Among the rock-forming silicates, a few studies describe the elastic behaviour and P-induced structural evolution of dioctahedral micas (Vaughan and Guggenheim 1986; Sekine et al. 1991; Faust and Knittle 1994; Catti et al. 1994; Comodi and Zanazzi 1995, 1997; Pavese et al. 1999; Smyth et al. 2000; Curetti et al. 2006; Gatta et al. 2009). About phengites, the first description of the thermo-elastic behaviour of a natural 3T-polytype by in situ synchrotron X-ray powder diffraction with a Paris–Edinburgh cell was provided by Pavese et al. (1999). Later, Smyth et al. (2000) reported the evolution of the unit-cell parameters under hydrostatic pressure of synthetic 3T- and 2M 1-phengite samples by HP single-crystal X-ray diffraction with a diamond anvil cell (DAC). Curetti et al. (2006) investigated the elastic properties and the stability field at high pressure of coexisting natural 3T and 2M 1 phengites, with similar chemical composition, by in situ synchrotron X-ray powder diffraction with a DAC up to P ~27 GPa, using nitrogen as P-transmitting medium. At pressures above 15–17 GPa, the 2M 1-polytype experienced an irreversible transformation with a drastic decrease of the crystallinity; whereas no evidence of anomalous elastic behaviour or phase-transition was observed for the 3T-polytype up to 27 GPa.
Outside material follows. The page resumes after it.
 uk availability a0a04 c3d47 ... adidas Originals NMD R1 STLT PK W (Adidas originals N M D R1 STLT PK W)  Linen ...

The authors claimed such results to be consistent with the hypothesis of stability of the 3T-polytype in the high-pressure regime. The elastic behaviour was modelled fitting the PV data with a third-order Birch–Murnaghan Equation of State (BM-EoS, Angel 2000), yielding V 0 = 703.88 Å, K T0 = 60.4(7) GPa and K 0′ = 5.79(11) for the 3T-polytype (P range 0.0001–27 GPa), and V 0 = 938.88 Å, K T0 = 57(1) GPa and K 0′ = 6.97(24) for the 2M 1-polytype (P range 0.0001–17 GPa). Recently, Gatta et al. (2009) described the P-induced structural evolution of the 3T-phengite (previously studied by Curetti et al. 2006) by in situ single-crystal X-ray diffraction with a DAC, on the basis of a series of structural refinements between 0.0001 and 10 GPa.
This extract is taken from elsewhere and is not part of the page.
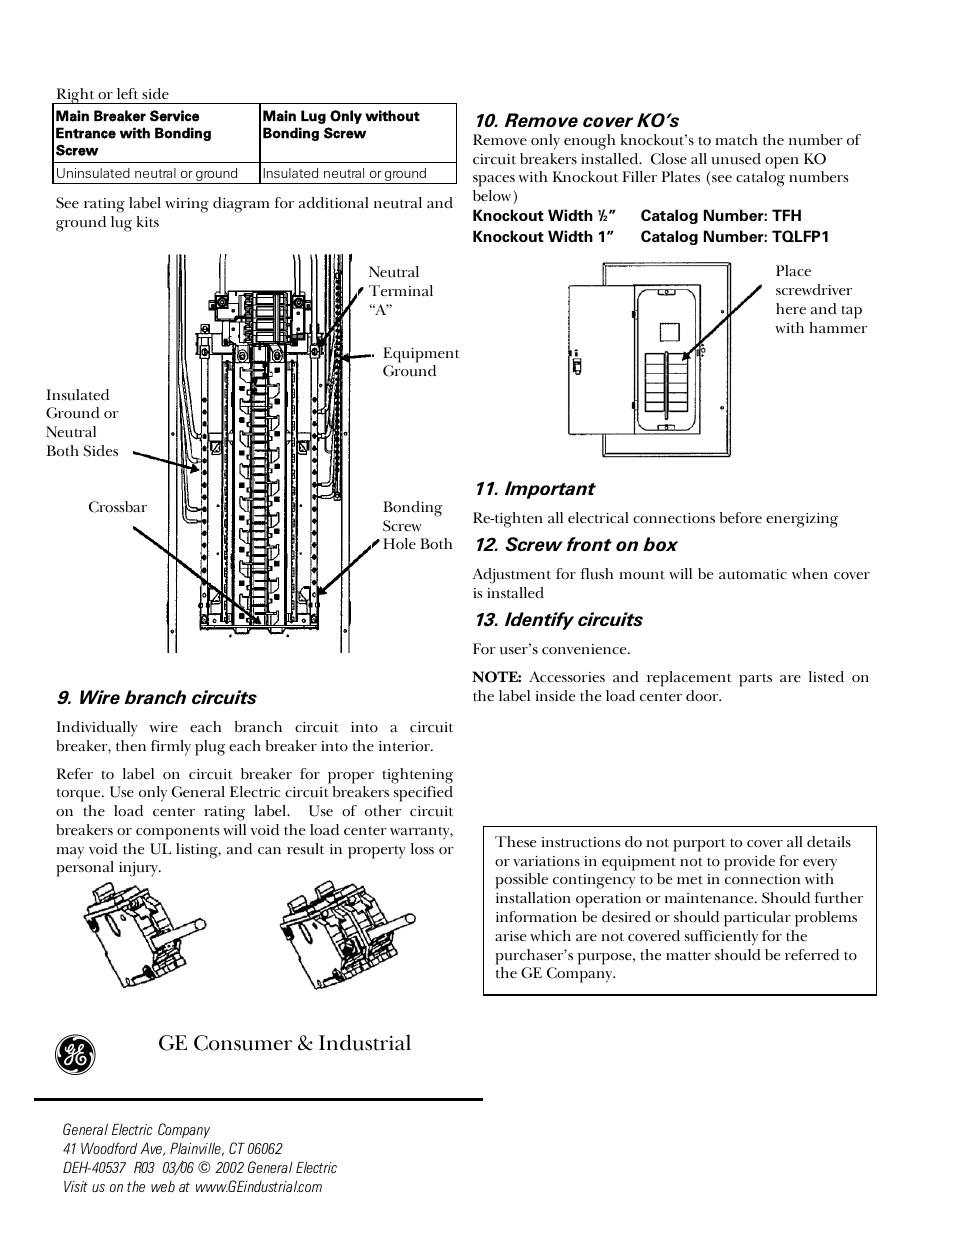 medium resolution of general electric circuit breakers diagram wiring diagram general electric circuit breakers diagram

In this light, the aim of this study is

  1. 1.

    To investigate the P-driven structural evolution of a natural 2M 1-phengite by single-crystal X-ray diffraction with a DAC up to 10–11 GPa;

  2. 2.

    To complement the previous HP-experiments that provided only unit-cell parameters at different pressures and no in situ structural refinement (Smyth et al. 2000; Curetti et al. 2006). A comparison between the main deformation mechanisms in response to pressure observed in 2M 1- and 3T-phengite will be here discussed.

Sample description and experimental methods

The natural 2M 1-phengite sample here investigated has been collected in a metamorphic dike crossing eclogitic rocks and outcropping at Cima Pal (Sesia Zone, Val Savenca, Western Alps, Italy), and it is the same sample previously used by Curetti et al. (2006) for their experiments. Compagnoni (1977) reported that the rocks of the Sesia Zone experienced an eclogite-facies metamorphism at T ~550°C and P ~1.6–1.8 GPa, with a subsequent greenschist-facies retrogression at P ~0.4–0.5 GPa and T ~500°C.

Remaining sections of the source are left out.